In this process we can say that some things end up pushing users away or impairing their adaptation. One of the most difficult things about migration, in my opinion, is where things are positioned, how to install things, where to look for them, and how to look for them. If you're a content creator, always think of ways to make tutorials and explain that they can be used by novice users as well, or flag if your tutorial is for an intermediate or advanced user so that people who access it don't see it as difficult, or impossible to do, and use that as an excuse to stop trying.

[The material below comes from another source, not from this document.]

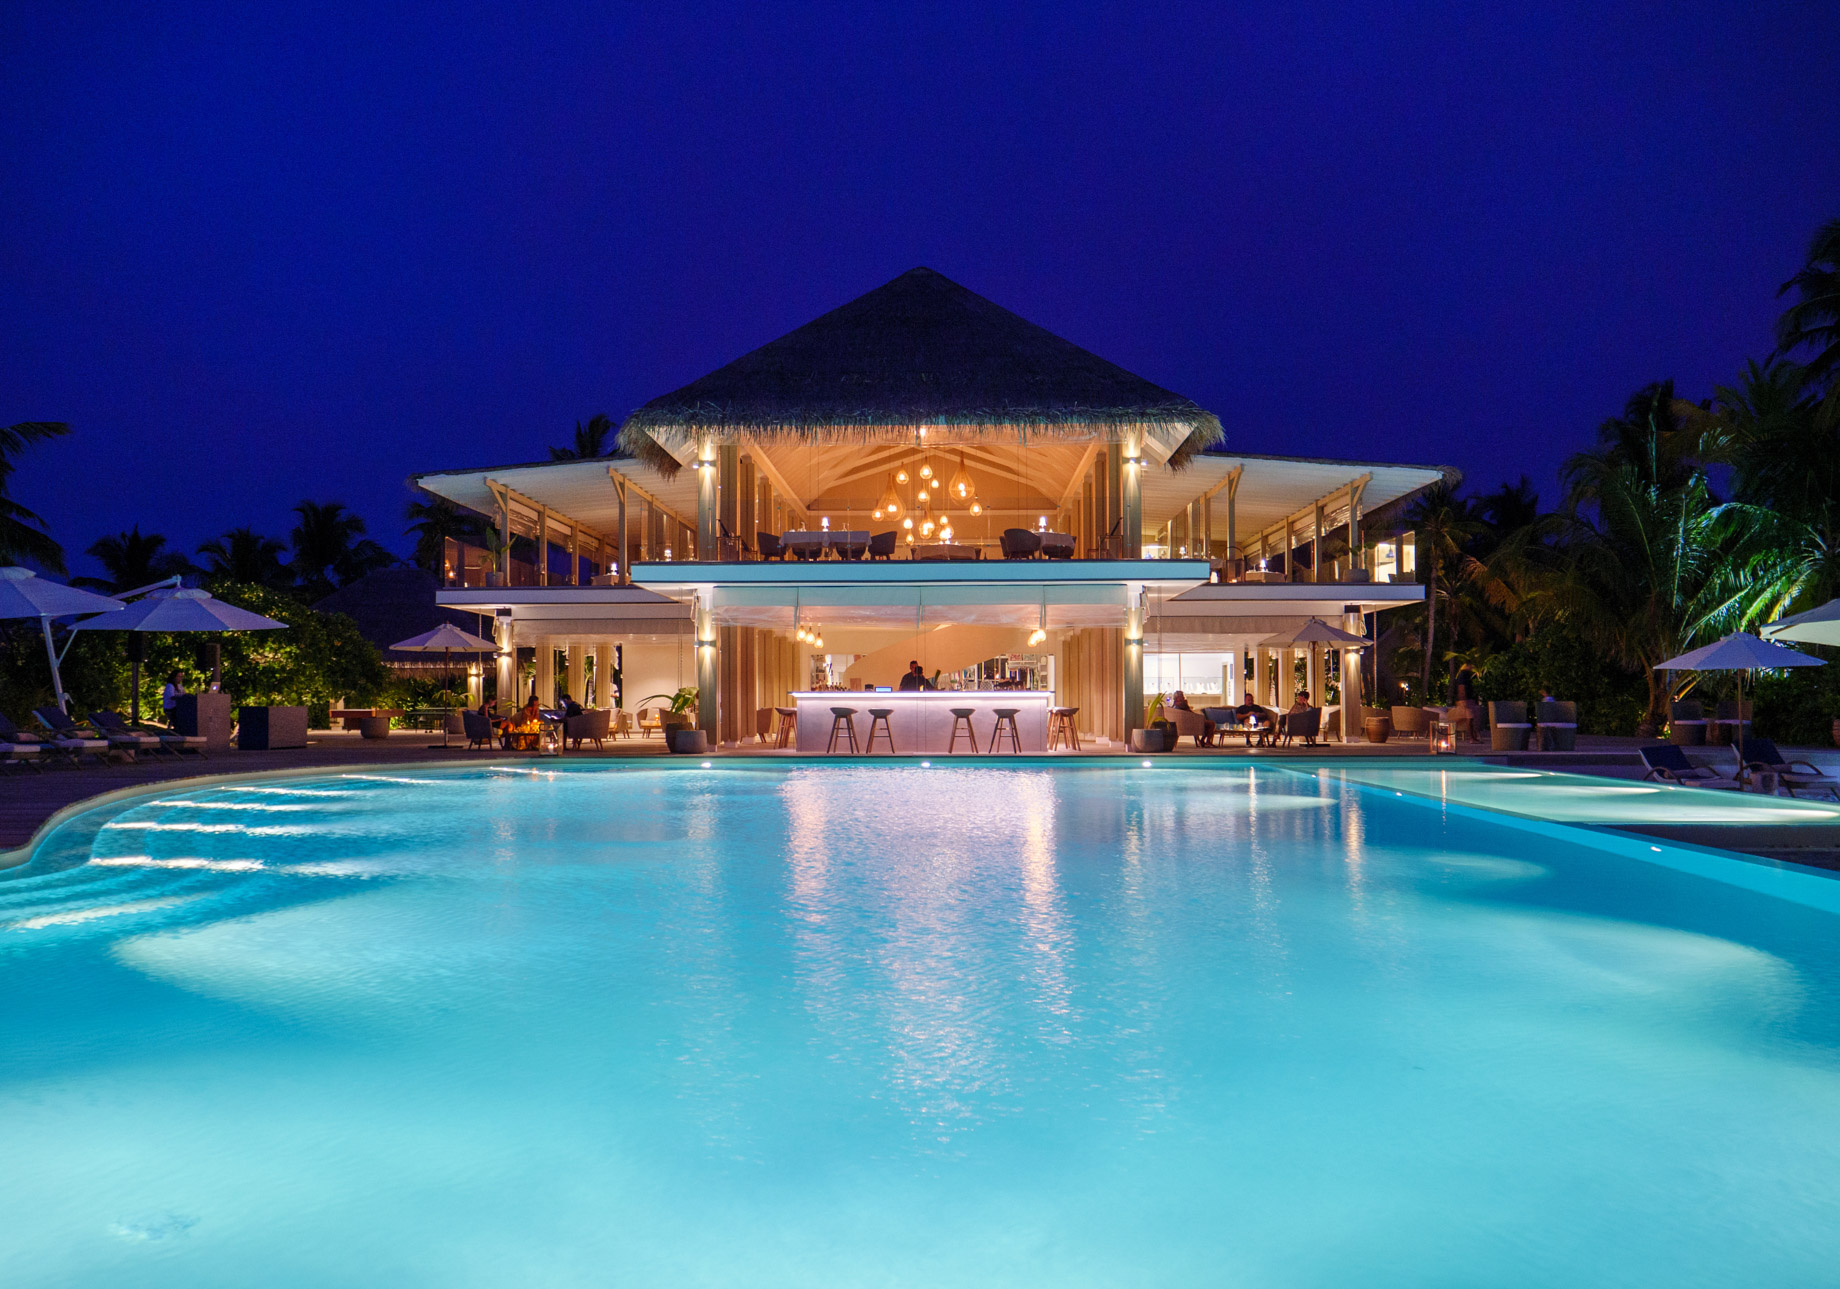 Baglioni Resort Maldives – Maagau Island, Rinbudhoo, Maldives – Gusto Restaurant and Pool View Sunset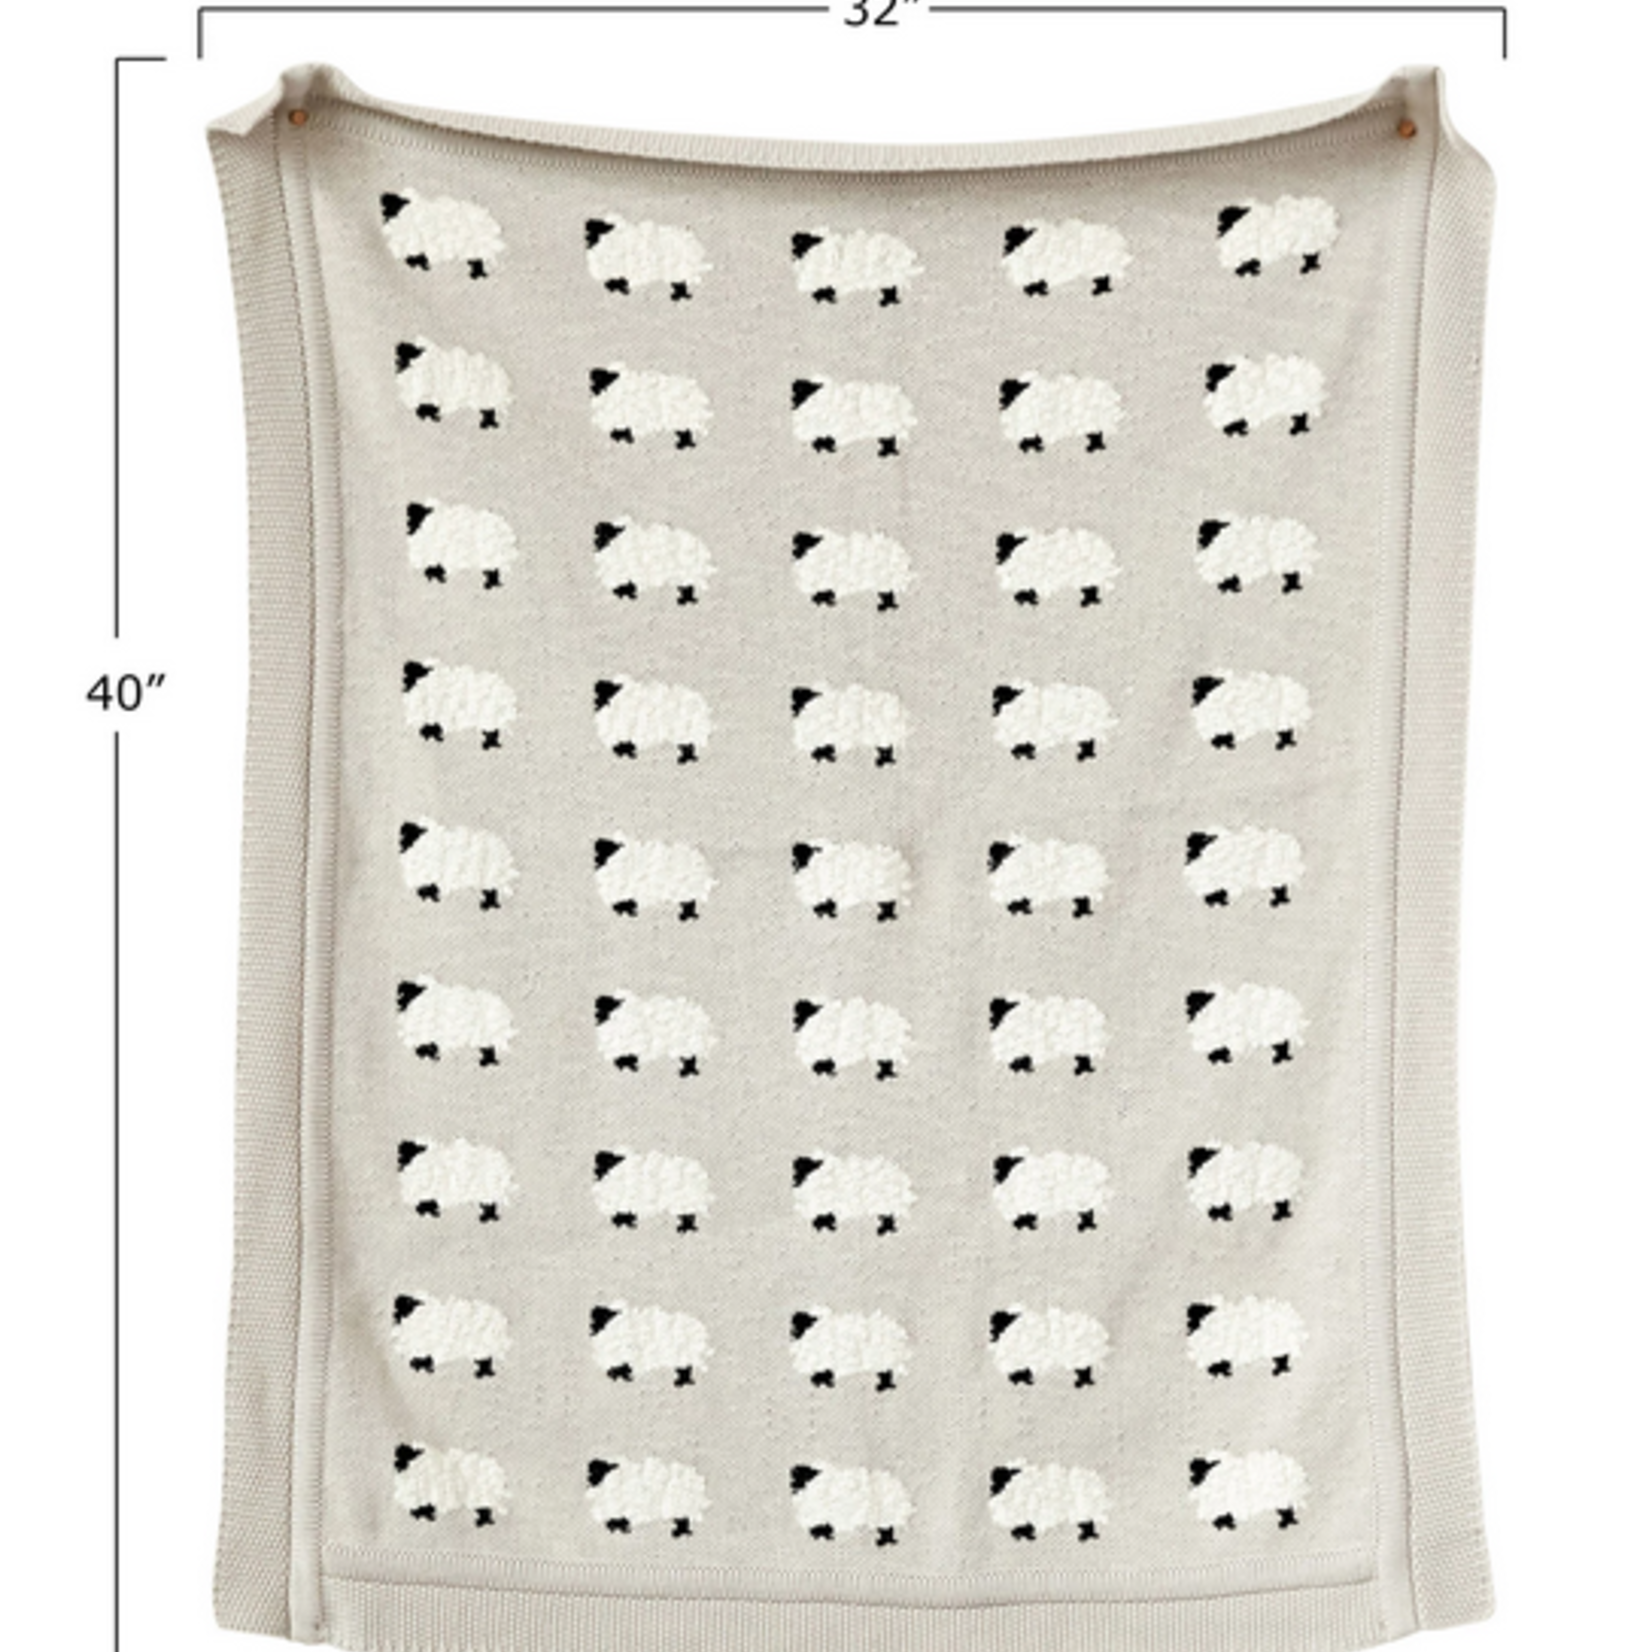 Creative Co-Op Cotton Knit Blanket w Sheep, Gray

Another difficulty encountered is the programs we use, sometimes we find that we need exactly that program, but actually we need its functionality. It took me a while to get used to this idea. I kept dual boot for a year simply to use the Microsoft Office suite, until I realized that what I was looking for was simply the functionality I found in these programs.

Search for things not by the name of the program but by its features, such as a text editor instead of Word for example. This certainly opens up a much wider range of opportunities to find what you are looking for, often finding even better solutions than you were used to.

Although I have mentioned some points related to the content produced and some of my user experience, I believe that much of the dropout is due to the user's lack of interest in striving to gain new knowledge and choosing to say that the product is not good. than to reveal that I had no desire to know and adapt there is something new at the moment. This also happened to me, but I ended up reviewing my concepts.

Note that there is no problem that you are not interested in learning something new at the moment, as long as you do not justify this lack of interest by putting negative obstacles in the content, and that goes for anything in life that you propose to learn in your life. Finally, in the video below you will find Dionatan's opinion on the challenges of migration and what can be done to facilitate it.